Turning off the lights

I don’t think ToddlerGirl was really at all aware that the evenings were getting darker earlier this time last year – or even gave that much thought to the difference between the light of day and the dark of night (other than to completely ignore it when it came to sleep, of course!). Her awareness of the world around her has developed so much over the last six months or so, however, and she is suddenly hugely interested in the fact that it is getting dark outside while we are eating our dinner.

Turning off the lights

I had already thought that the autumn time would be perfect for doing some activities that used these darker afternoons and evenings. At some point, I am definitely going to be making this DIY light box, for example, but I decided to keep it simple to start with and simply turn off the lights in our living room one evening after teatime.

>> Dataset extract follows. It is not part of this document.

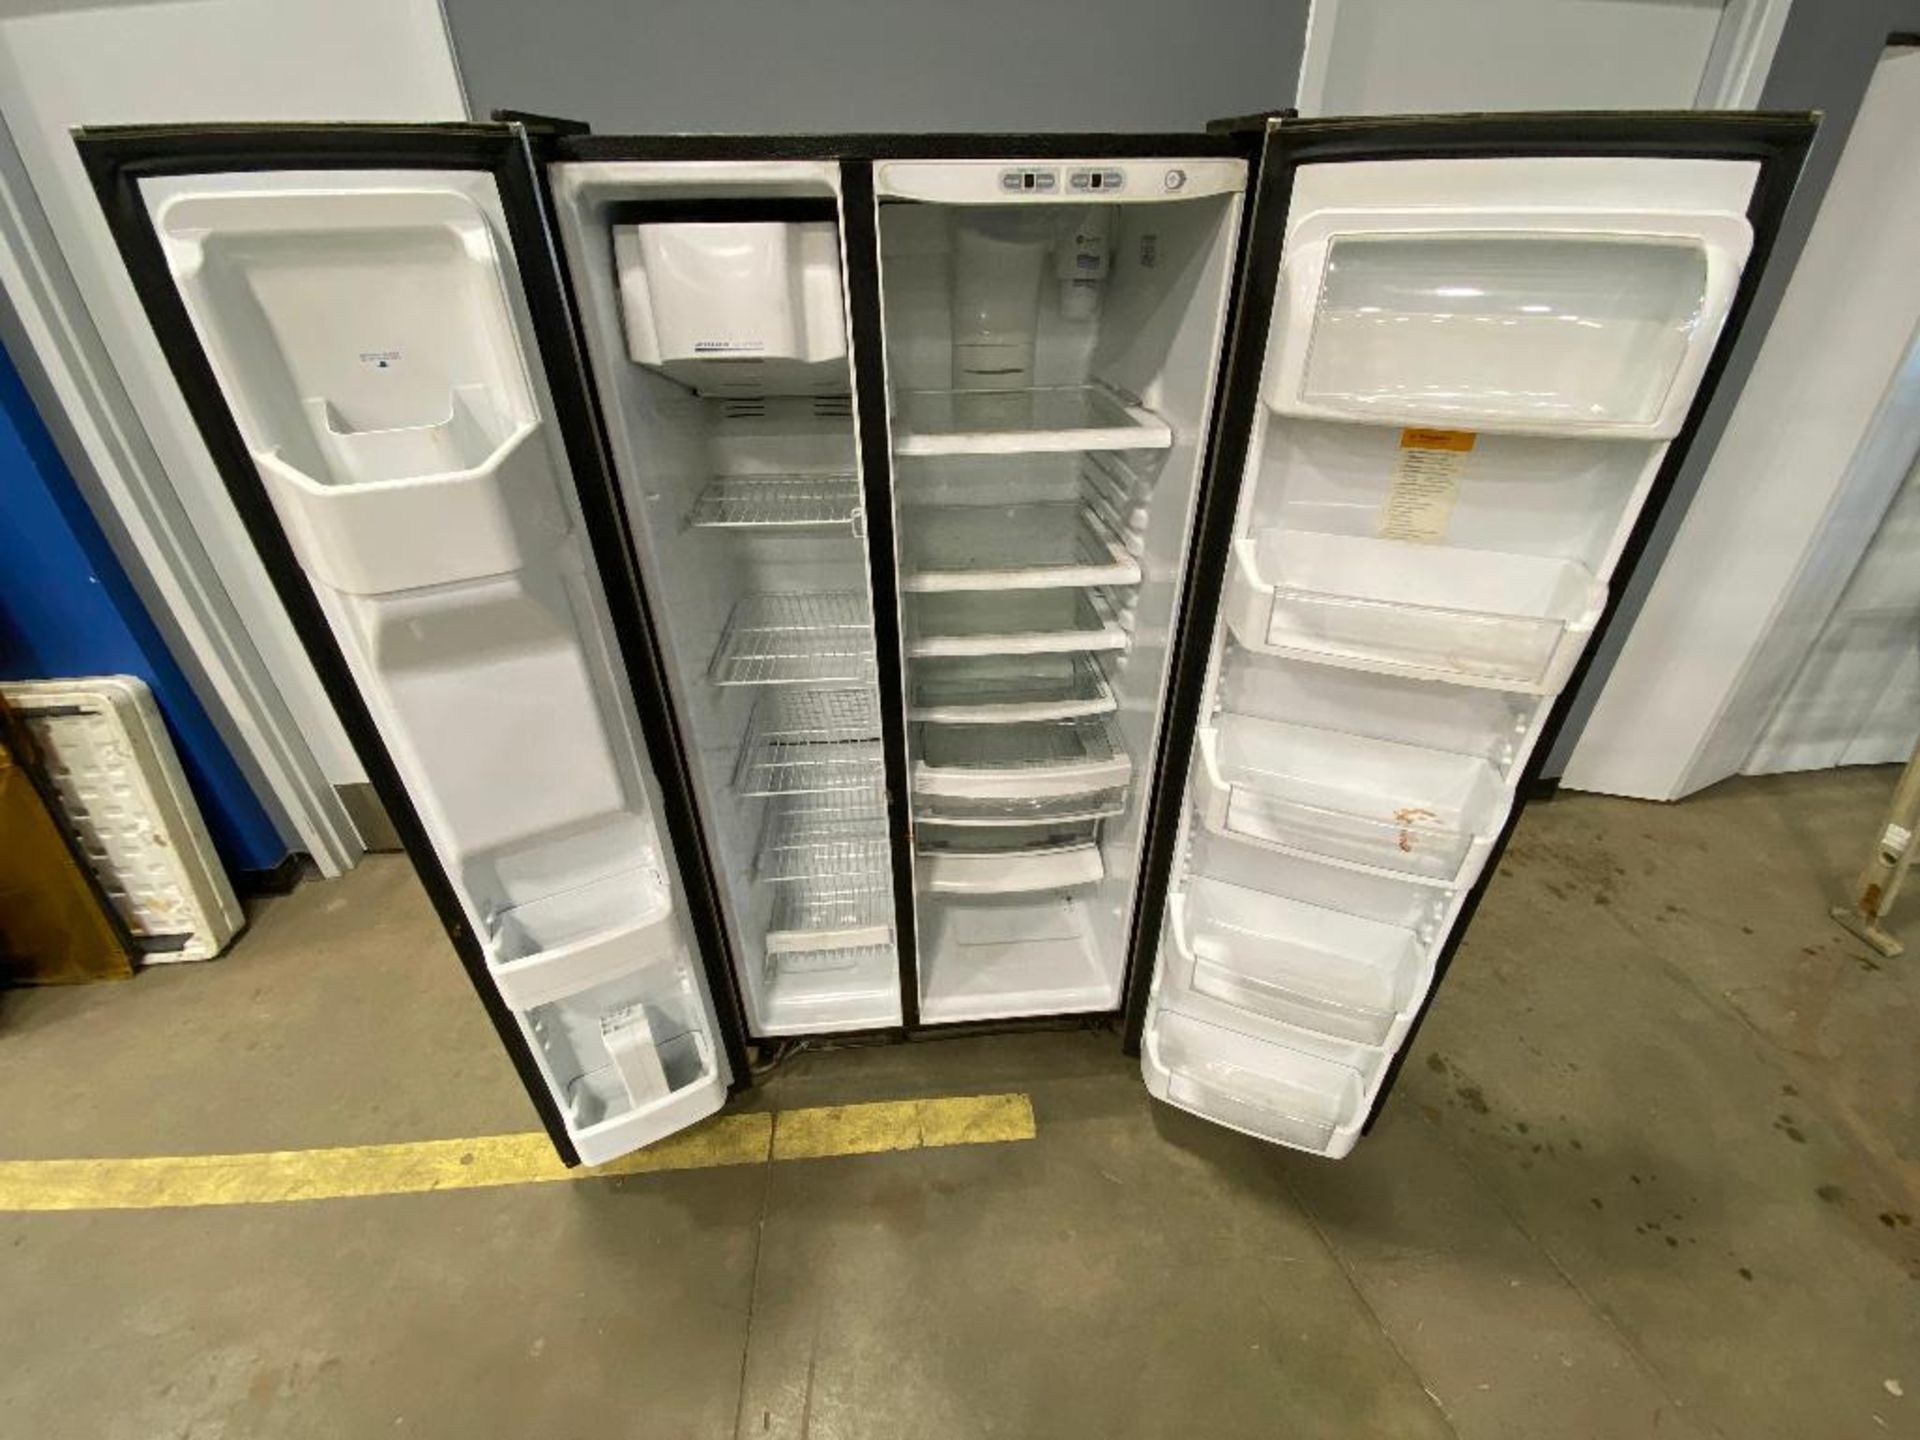 General Electric GSS25XSRC Refrigerator/ Freezer - Image 4 of 7

This is such an easy, no preparation activity yet it has provided endless fascination for ToddlerGirl. First, the act of making the room completely dark and then enjoying this (rather than it being time to go to sleep!) has proved a real hit. Second, the actual turning on and off of the lights is a source of huge entertainment. Today, she actually went to the trouble of moving her toy box out of the way and getting her step so that she could reach the light switch to turn the lights on and off! We’re not encouraging this particular aspect as we don’t want a disco lounge but it emphasised for me that exploring this new concept is a big deal to ToddlerGirl – perhaps it is something to do with the control over changing her environment, or the sensory experience of being in the dark versus being in the light.

To further heighten this sensory experience, I added some different lighting options to the room. We have a couple of different nightlights that we have previously used as part of our bath and bed routine: a Winne the Pooh ‘dreamlight’ that projects a revolving scene onto the ceiling while playing a couple of different tunes and a ladybird light which projects stars and a moon pattern onto the ceiling in different colours.

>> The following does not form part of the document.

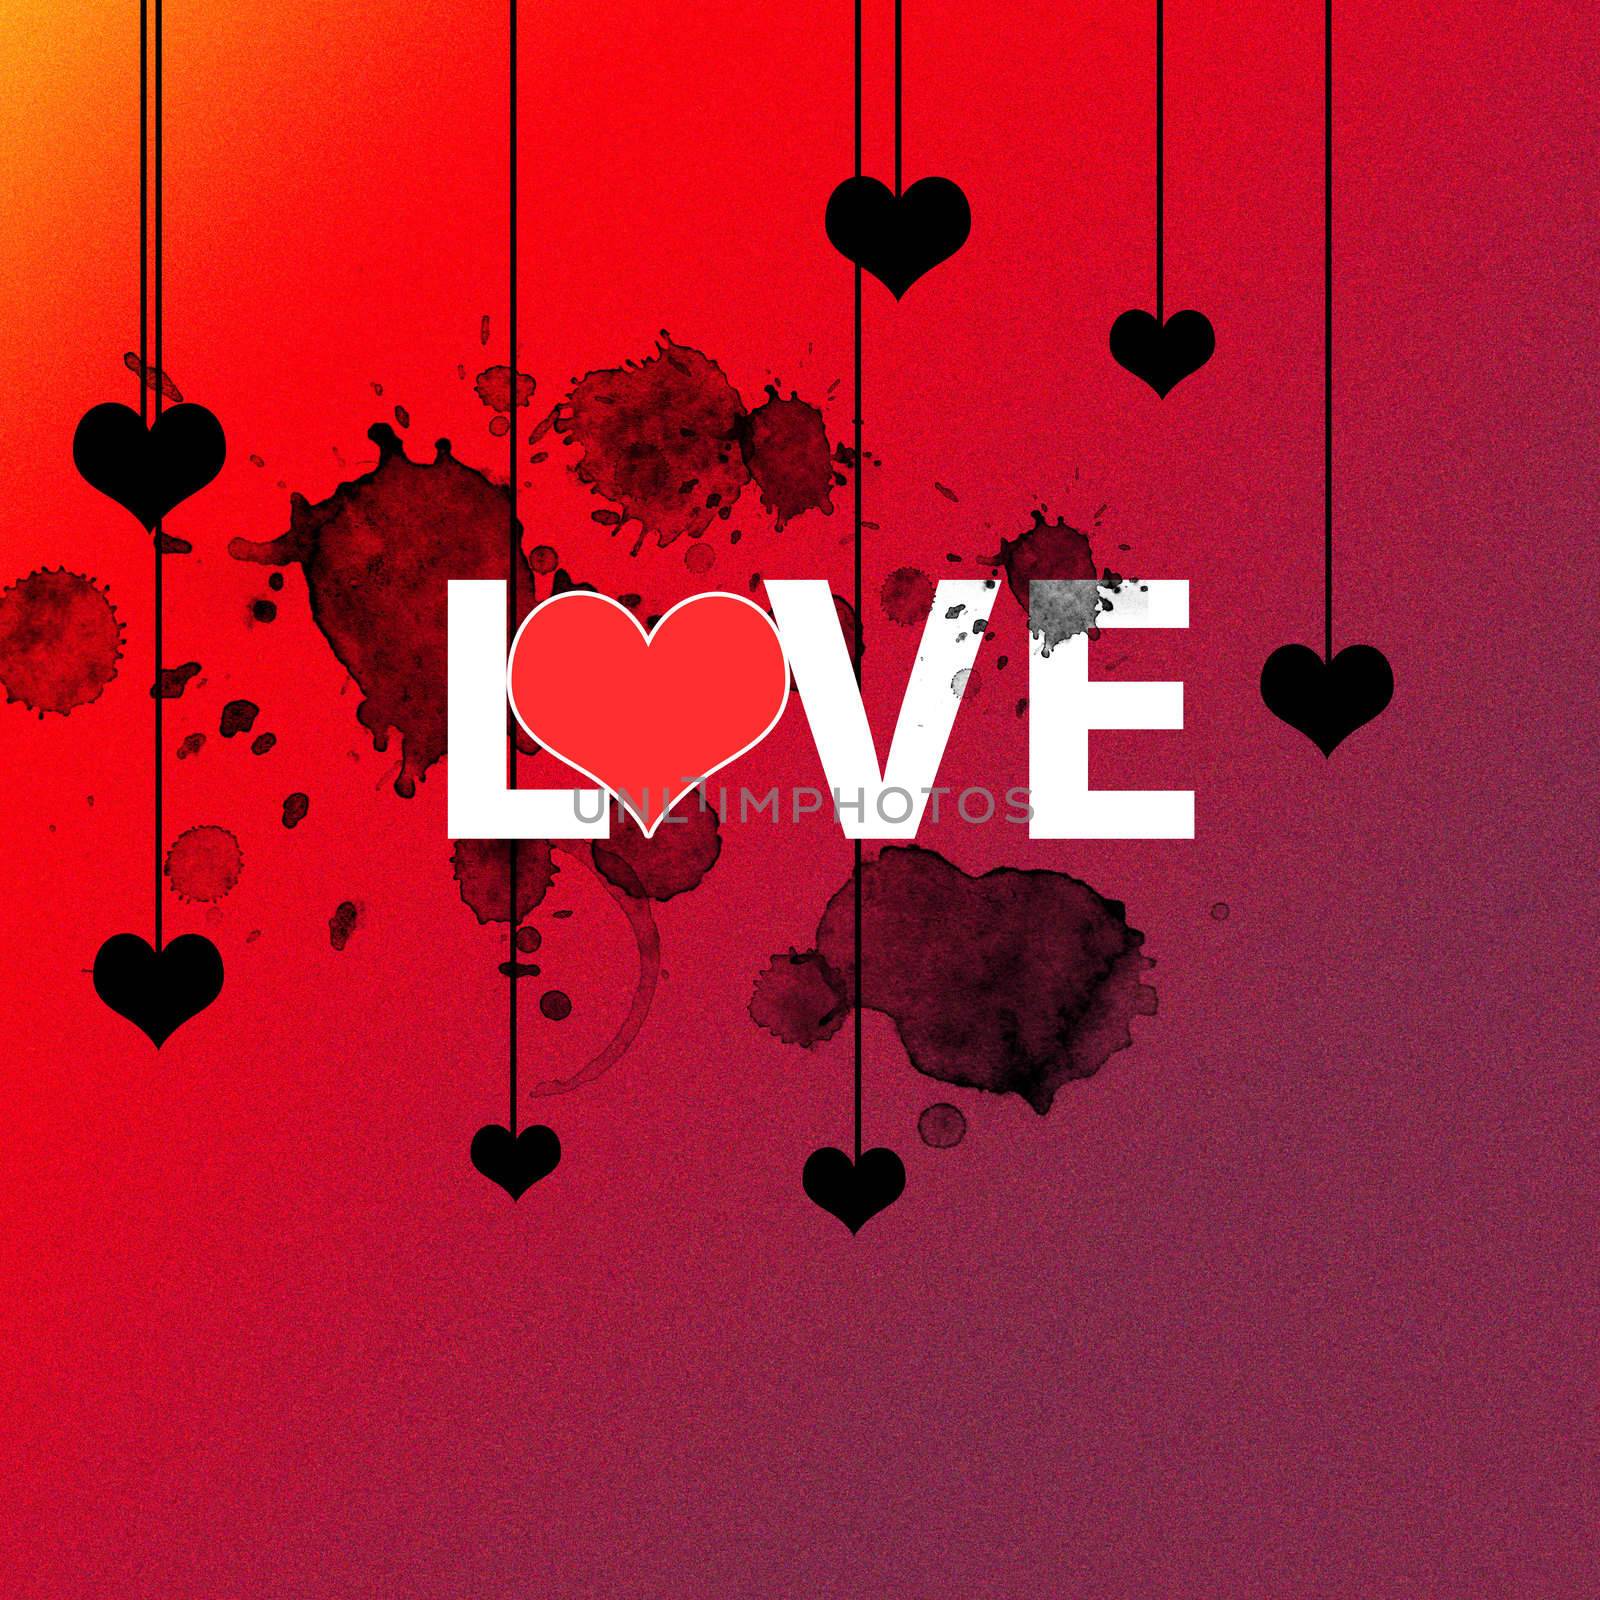 Love with hearts splatters and gradient background.

ToddlerGirl is absolutely loving experimenting with the ladybird light in particular and we have spent a few very happy evenings lying on the floor of our lounge as a family just staring up at the ceiling at the stars as they change colour. Well, D and I have been lying on the floor while ToddlerGirl goes from lying to standing to moving around to lying to sitting on D’s stomach to lying to sitting on my head… you get the picture! Despite the fidgeting, it’s actually a really lovely post dinner, pre bed activity and, while it doesn’t quite induce a state of zenned out bliss in ToddlerGirl, it does have a subtle calming effect for all of us, and helps to stem the requests for Peppa Pig!

We’ve also played with a torch, which ToddlerGirl really enjoyed as well. We only have a small wind up one at the moment, so I think I will get one especially for her that we can use to do a bit more with shadow and light.

My final lighting addition was to bring down my lava lamp, leftover from my uni days. How I used to love watching the coloured globules float up and sink down… Guess what, it turns out lava lamps are equally as fascinating to toddlers! I explained to ToddlerGirl what the lamp would do in very simple terms and we switched it on to warm up. Unfortunately this took a little longer than I remembered, which stretched toddler patience to its limit! But it was worth the wait. As the core of the lava lamp started to rise, we both watched, mesmerized by the fluidity and the colours. I’d forgotten how calming a lava lamp can be and we’ve kept it sitting in the corner of our living room for the time being!